Data subjects have the right to:

a/ to access the content of personal data, including receiving a first copy of the content of personal data free of charge,

b/ to correct the data,

c/ the right to erasure of data, unless other legal provisions apply that oblige the data controller to archive data for a certain period of time,

d/ the right to data portability, insofar as the basis for data processing is a contract or the consent of the data subject, and data processing is carried out by automated means,

e/ to revoke consent to the processing of personal data – if the basis for such processing was the consent of the data subject. Revocation of consent shall not affect the compliance of the processing carried out before its withdrawal,

f/ to object to the processing of data – on grounds related to the particular situation to the processing of personal data concerning the data subject based on Article 6(1)(e) or (f) of the RODO, as well as the right to restrict processing,

g/ the right not to be subject to automated profiling if the controller would make decisions based solely on automated profiling and have legal consequences for or similarly affect the data subject,

h/ the right to control the processing of data and to be informed about who the data controller is, as well as to obtain information about the purpose, scope and manner of data processing, the content of the data, the source of the data, and the manner of sharing, including the recipients or categories of recipients of the data.

In order to exercise the right to information, access to the content of the data, correction of the data, as well as other rights, the Data Controller may be contacted.

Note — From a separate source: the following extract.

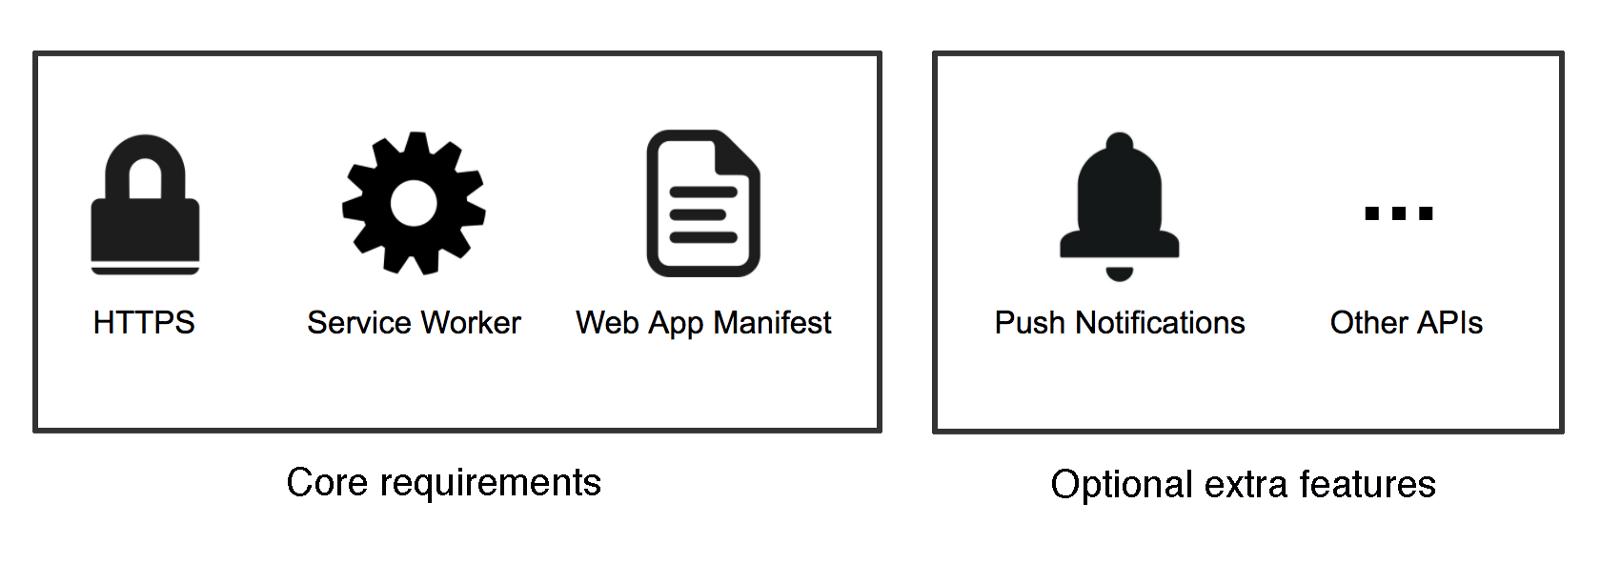 iOS 终于支持了 PWA,一起来认识一下这个强化版「小程序」 | 科普
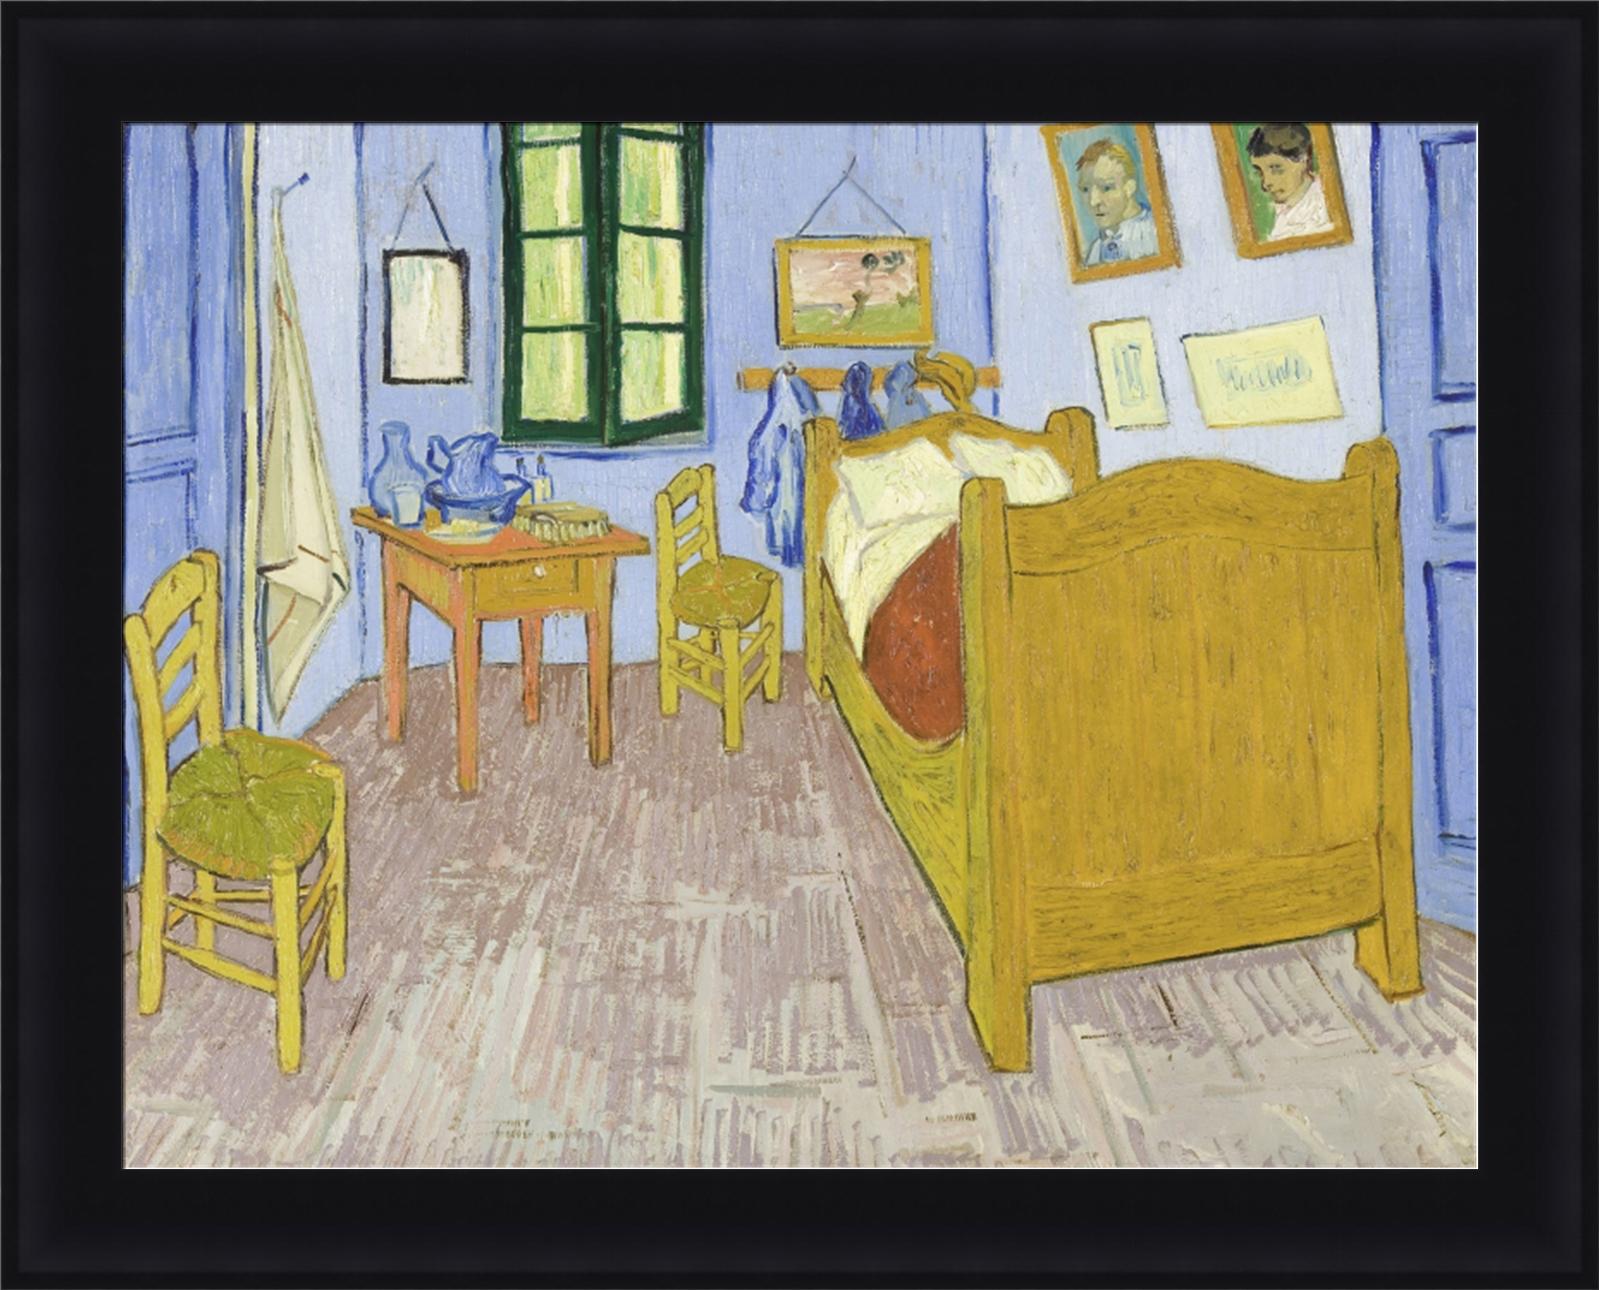 vincent van gogh bedroom in arles framed canvas giclee print 33 5 034

The data subject also has the right to lodge a complaint with the Office for Personal Data Protection (OPA) if the processing of data violates the provisions of the General Data Protection Regulation (GDPR). The complaint may be filed electronically or by mail to: Office for Personal Data Protection, 2 Stawki Street, 00-193 Warsaw.

10. Final provisions

In the event of a change in the applicable privacy policy, particularly if required by the technical solutions used or changes in the law regarding the privacy of data subjects, appropriate modifications will be made to this Privacy Policy, which will be effective within 14 days of their publication on the Website.